Себастьян испугался и поспешил доложить мне о том, что происходит внизу; я спустился туда с братьями, и мы перенесли в трапезную загадочного полуночника: он был в обмороке. Лицо человека было искажено до ужаса, и все-таки мы приняли его за тебя; кое-кто настаивал, что наш Медардус вовсе даже не изменился, а только непривычно одет. Сохранилась борода и тонзура, а светское платье, совершенно изорванное и попорченное, было по своему фасону изящным и даже щегольским. Он носил шелковые чулки, атласный жилет; на одной туфле еще поблескивала золотая пряжка.
– Каштаново-коричневый сюртук тончайшего сукна, ― вставил я, ― превосходнейшее белье и простое золотое кольцо на пальце.
– Правильно, ― сказал удивленный Леонардус, ― но ты-то откуда знаешь…
– Ах, это мой костюм; я надел его в роковой день моей свадьбы!
У меня перед глазами так и стоял мой двойник.
Нет, это не был ужасный, дьявольский морок, лишенный собственного существа, оборотень, впивающийся в мое нутро, несущийся за мной, вскакивающий мне на закорки; нет, мой преследователь был сумасшедший беглый монах, завладевший, наконец, моим платьем, когда я лежал без чувств, и оставивший мне рясу взамен. Вот кто валялся у монастырских ворот, мое ужасное подобие… как бы я сам!

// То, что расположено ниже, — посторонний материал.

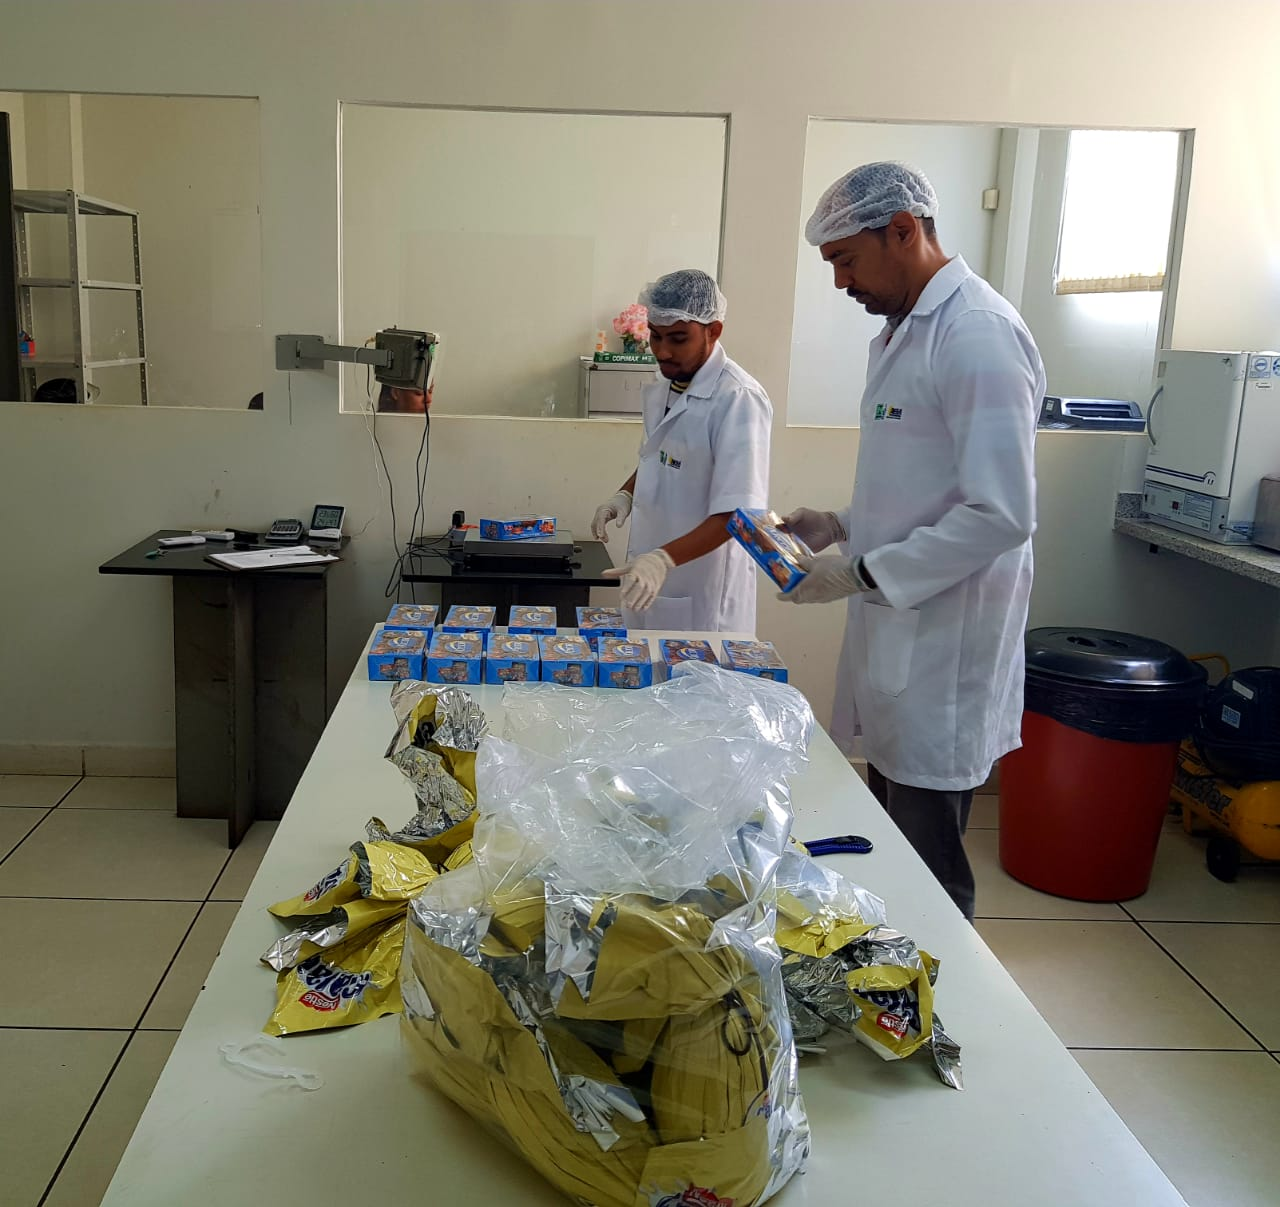 Metrologia aprova 90% das marcas de Ovos de Páscoa nos testes laboratoriais

Я попросил приора продолжать; смутное чаянье истины брезжило во мне, обещая расшифровать мое невероятнейшее, таинственнейшее прошлое.
– В этом человеке, ― рассказывал дальше приор, ― не замедлили сказаться очевидные следы неизлечимого душевного недуга, и хотя внешне он был вылитый ты, хотя он то и дело заявлял: «Я Медардус, беглый монах, я у вас на покаянье!» ― вскоре мы уже не сомневались, что у него такая мания: воображать себя тобой. Он получил от нас облачение капуцина, мы брали его с собой в церковь, где допустили его до обычнейших треб, и, несмотря на все свои ухищрения, он быстро выдал себя: мы убедились, что в монастыре он никогда не жил. Мне не могла прийти в голову мысль: что, если это и есть монах, сбежавший из резиденции, не Викторин ли это?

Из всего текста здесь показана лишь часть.